PROMPT >> Write the data out again exactly, with no pictures.

EXERCISE INPUTS >>
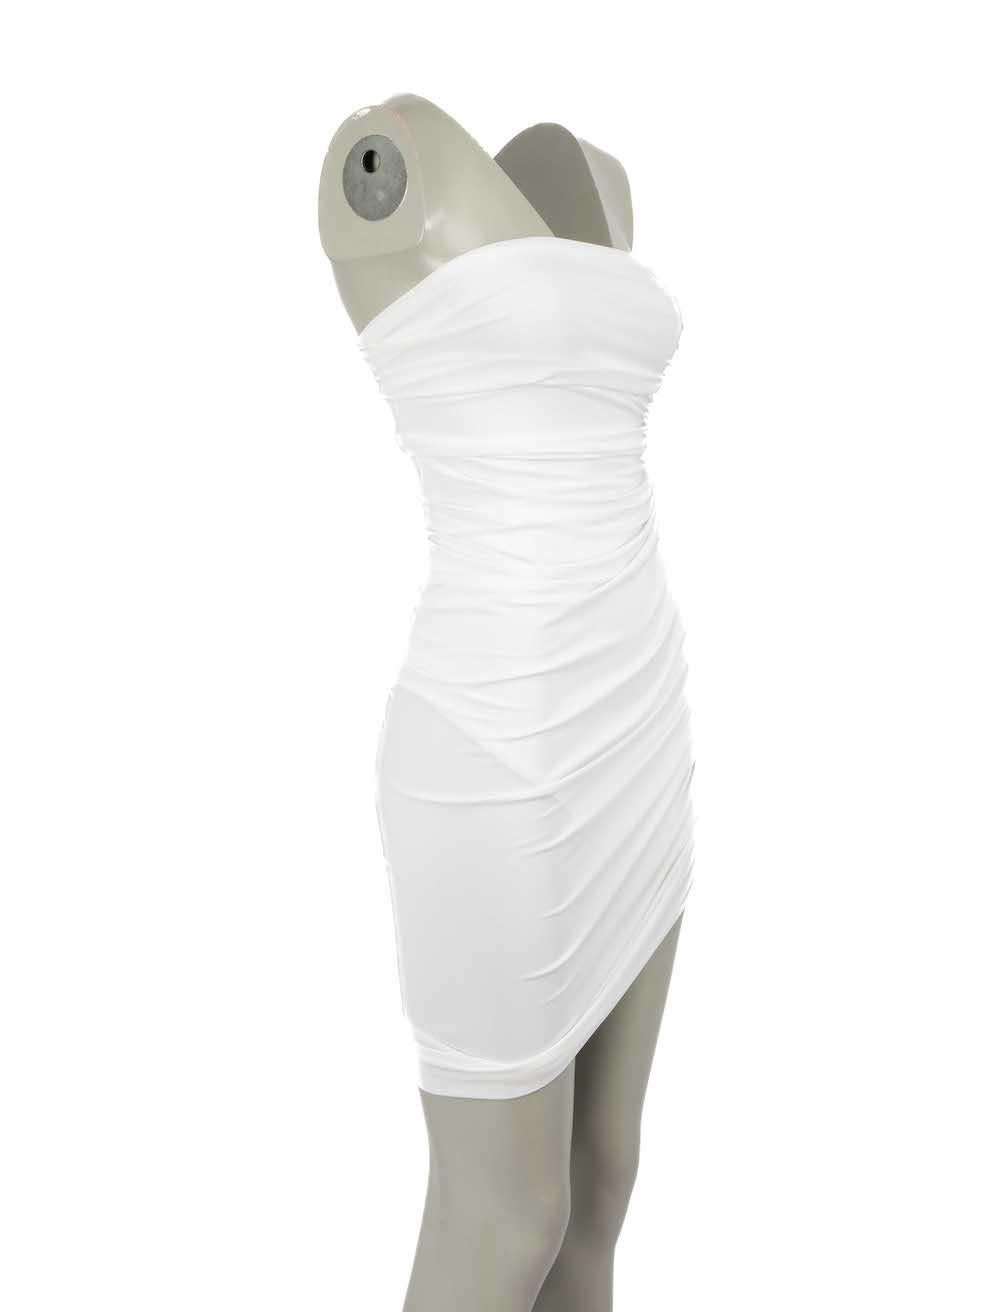 CONDITION is Never worn. No visible wear to dress is evident on this new Norma Kamali designer resale item.
 
Details
White
Polyester
Bodycon dress
Figure hugging fit
Stretchy
Strapless
Ruched side
Asymmetric hem
Built in shorts
 
Made in China

RESULT OF THE TASK >>
 CONDITION is Never worn. No visible wear to dress is evident on this new Norma Kamali designer resale item.
 
Details
White
Polyester
Bodycon dress
Figure hugging fit
Stretchy
Strapless
Ruched side
Asymmetric hem
Built in shorts
 
Made in China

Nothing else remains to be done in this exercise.